## [Instructions for the task]
Copy exactly the lines of the material below that fall between the line with "FI Collection Club" and the line with "Follow The Western", both of those lines included; pictures stay out.

## [Dataset entries]
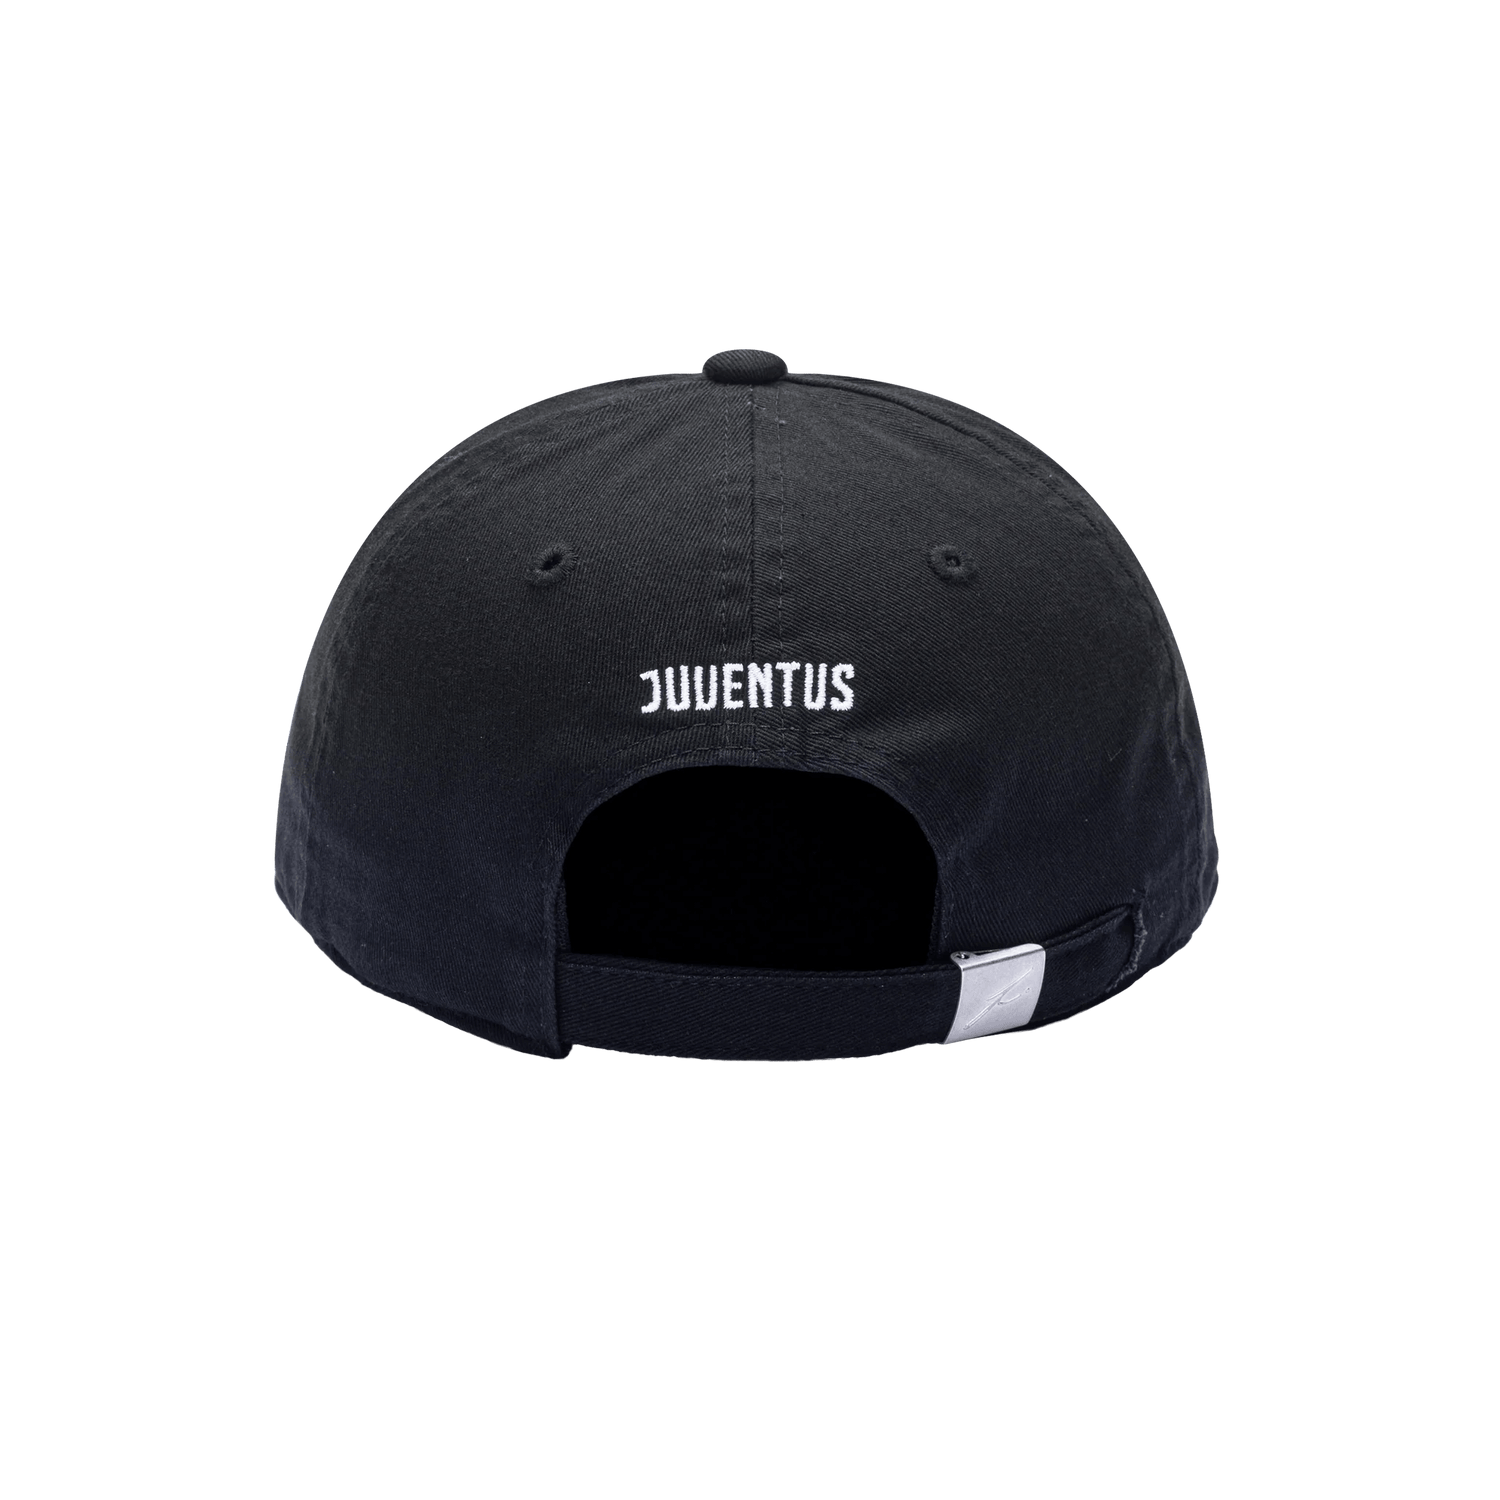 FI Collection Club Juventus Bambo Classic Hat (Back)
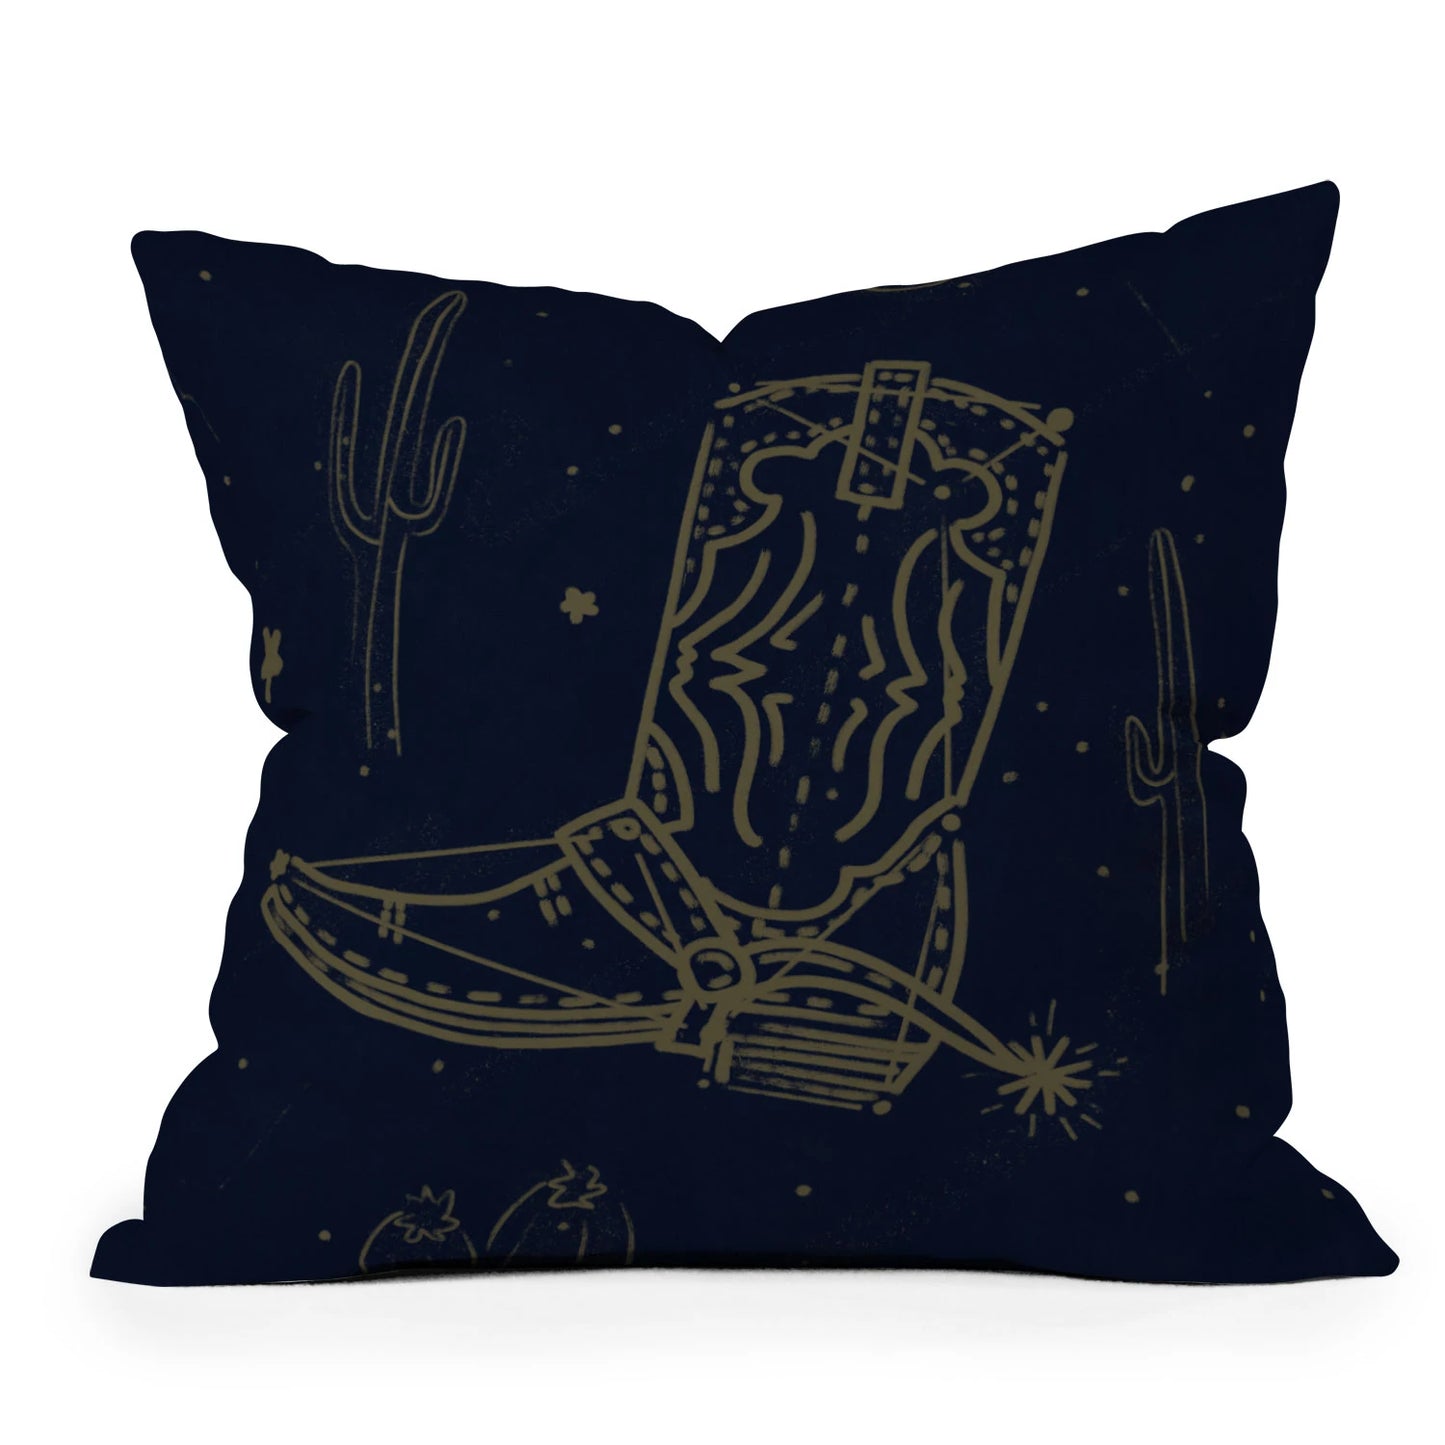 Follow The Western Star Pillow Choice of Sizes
==
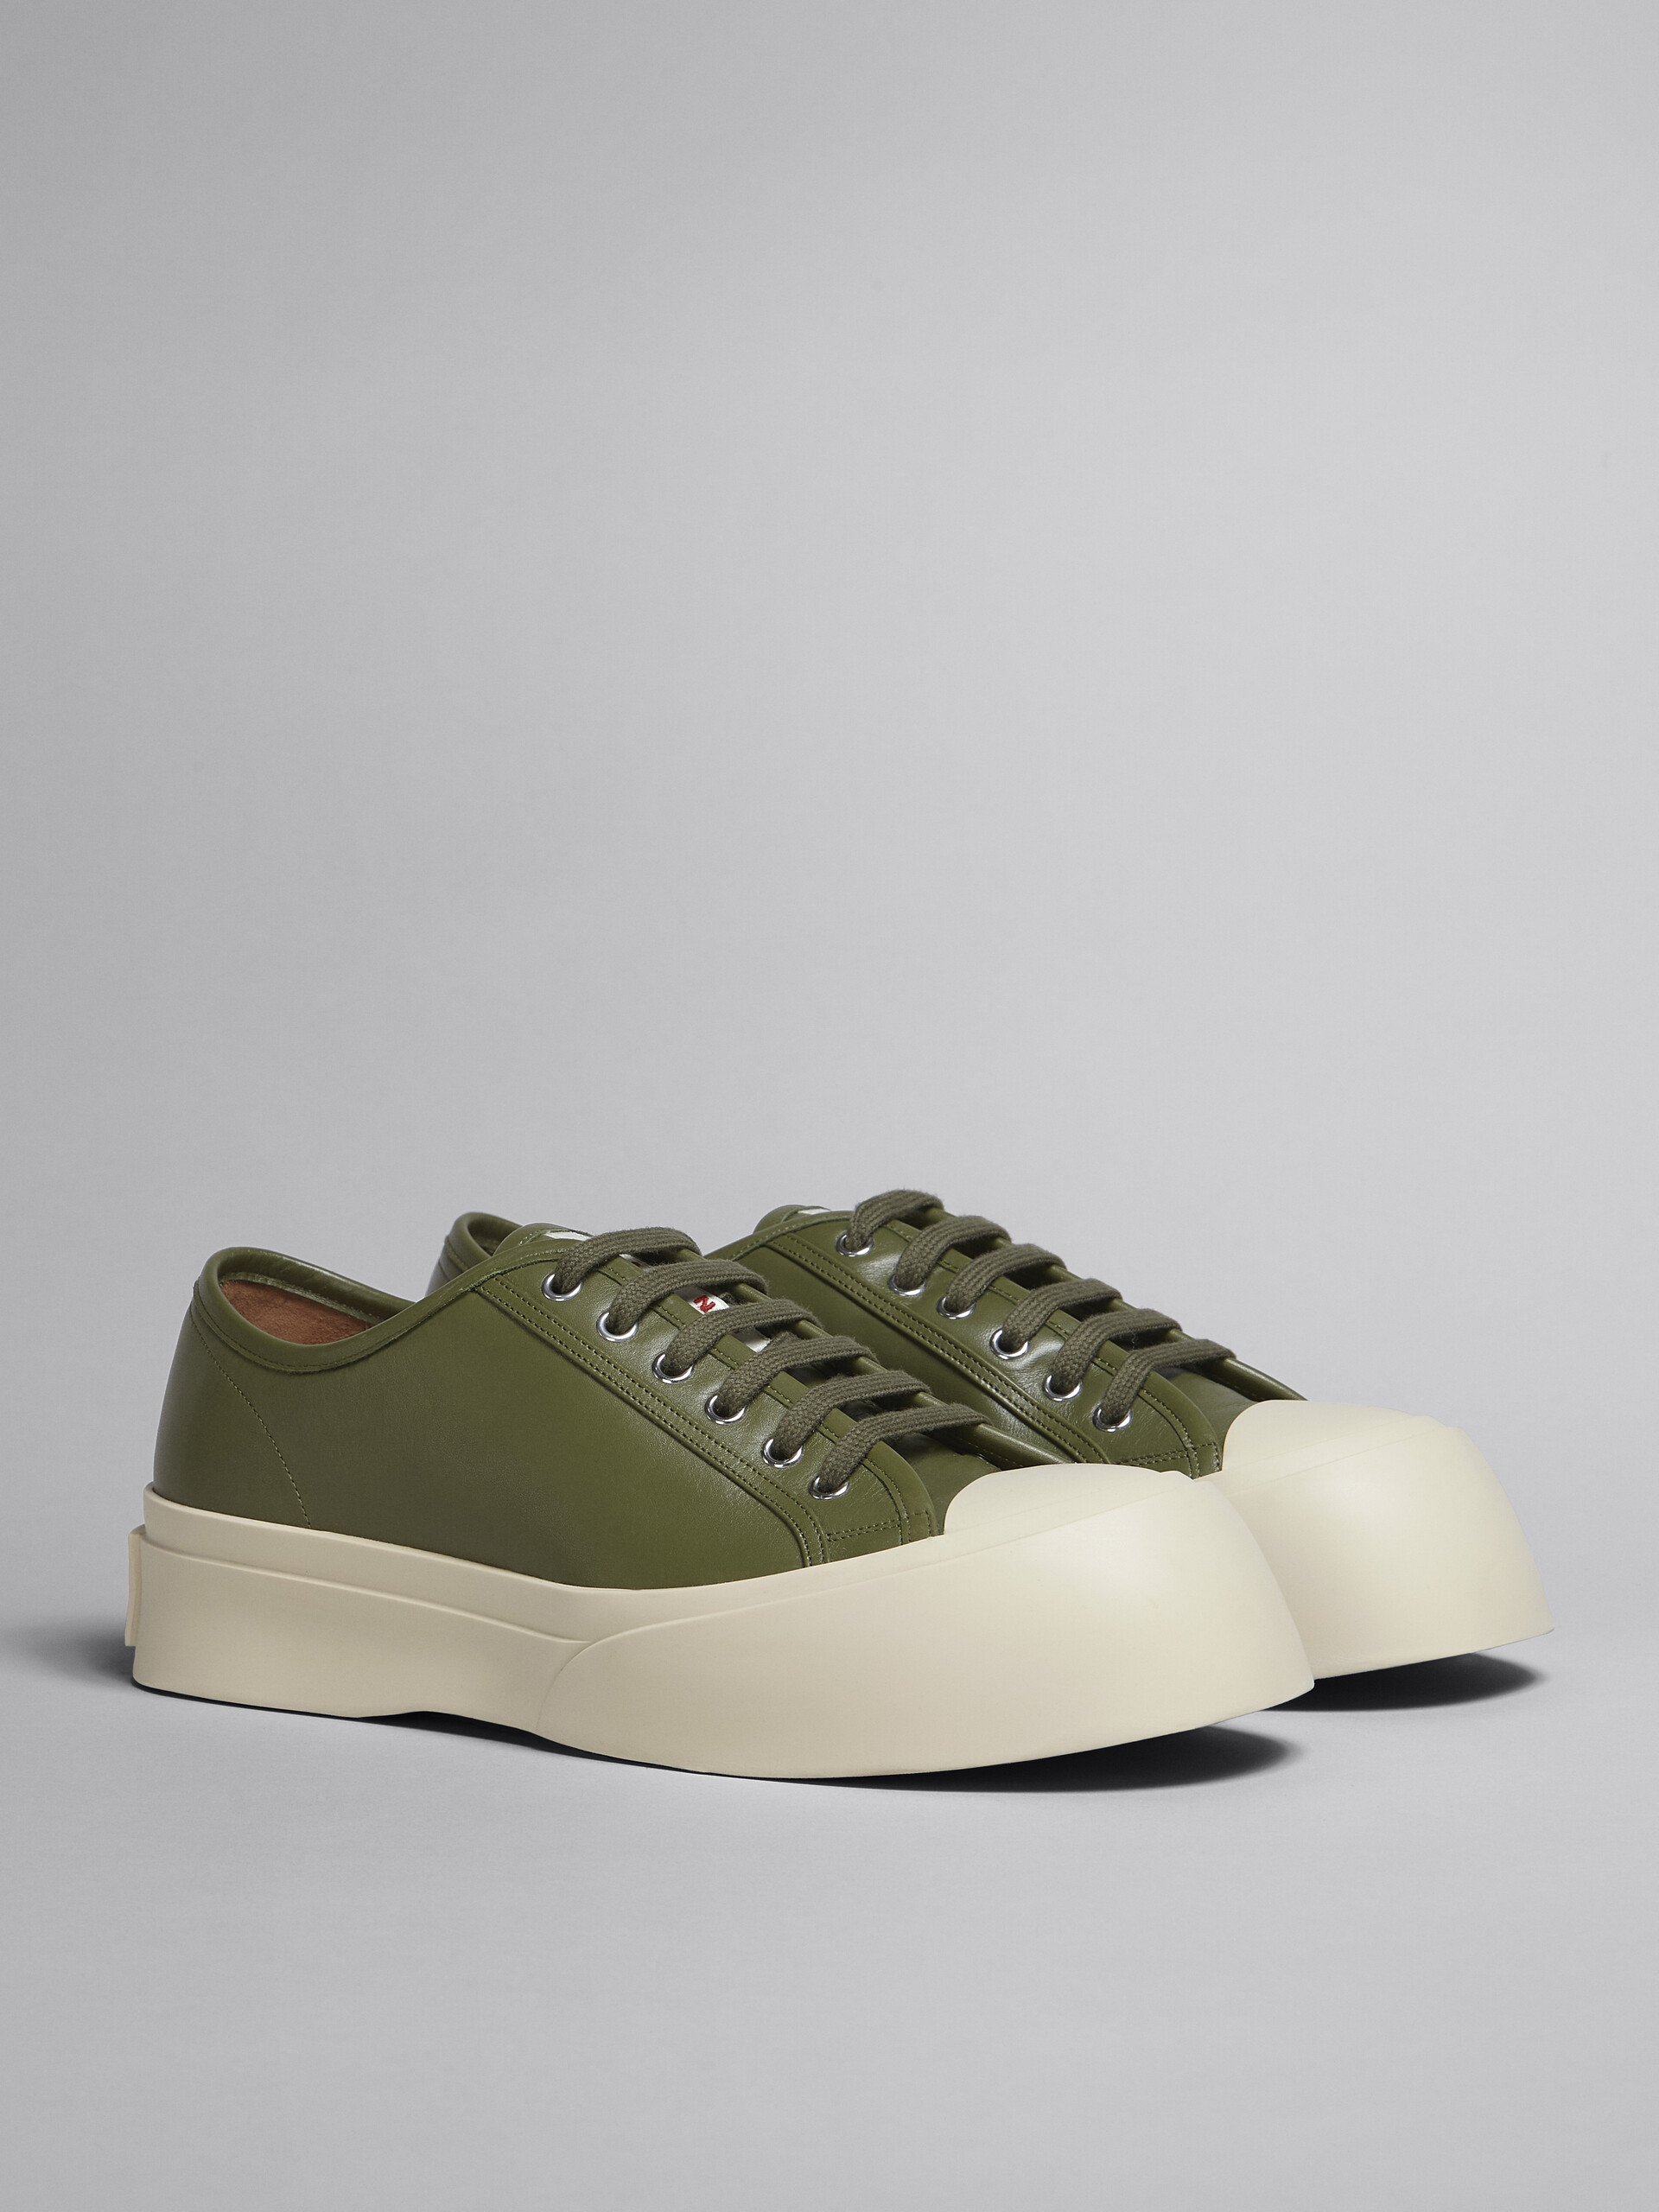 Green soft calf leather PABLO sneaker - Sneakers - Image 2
* * *
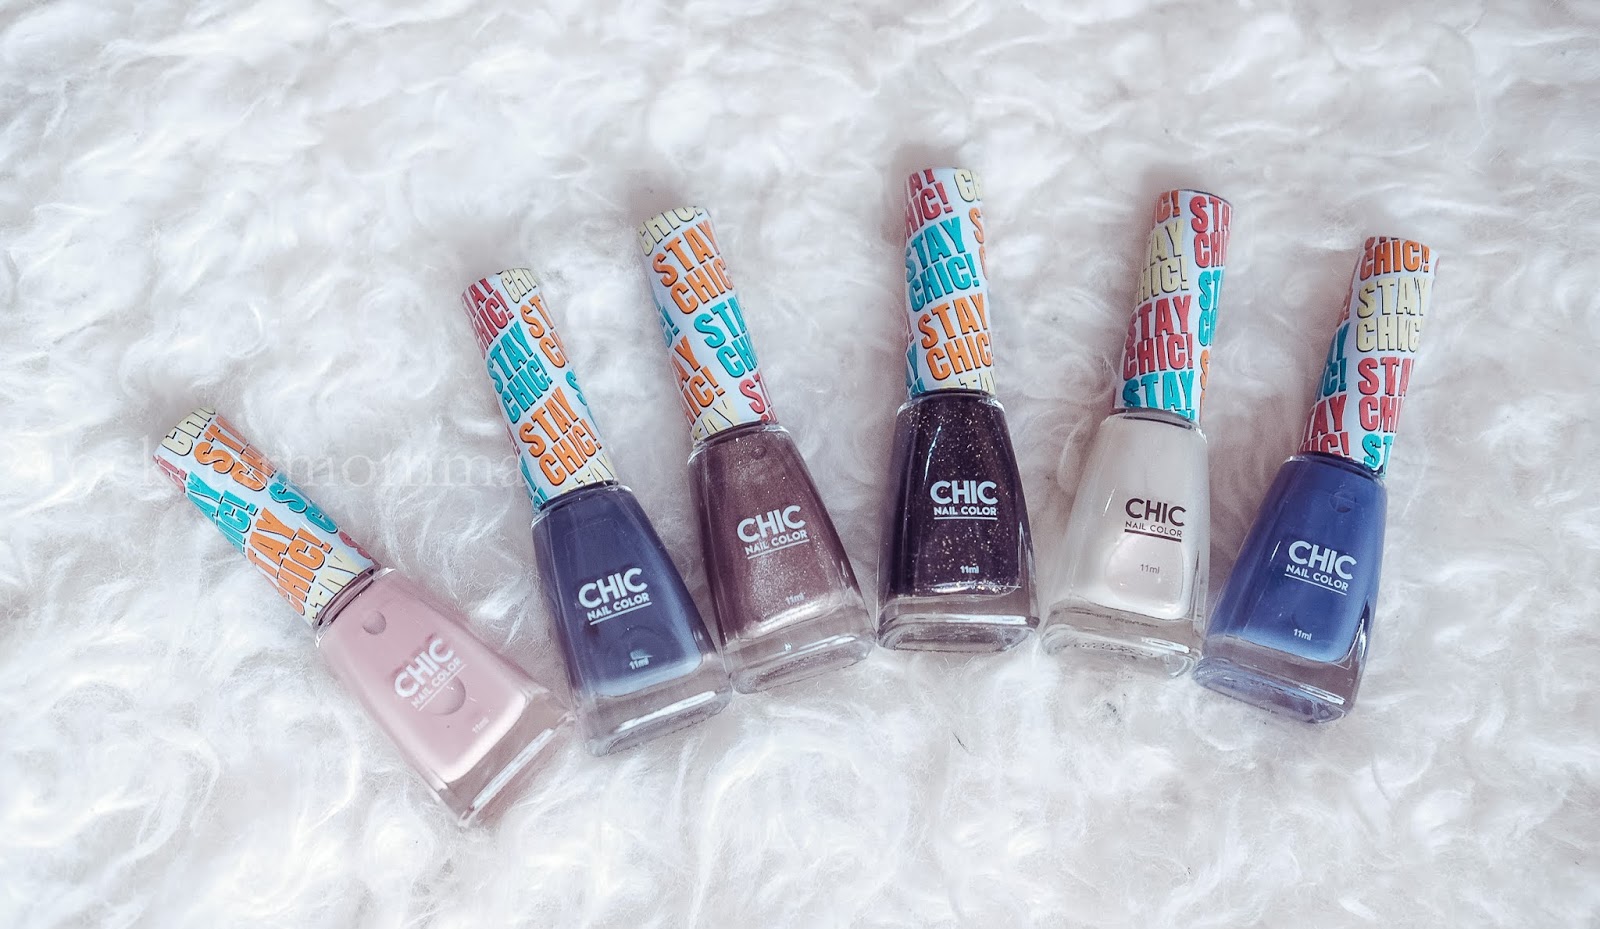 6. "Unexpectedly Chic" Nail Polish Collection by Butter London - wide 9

## [Answer for the task]
 FI Collection Club Juventus Bambo Classic Hat (Back)
 Follow The Western Star Pillow Choice of Sizes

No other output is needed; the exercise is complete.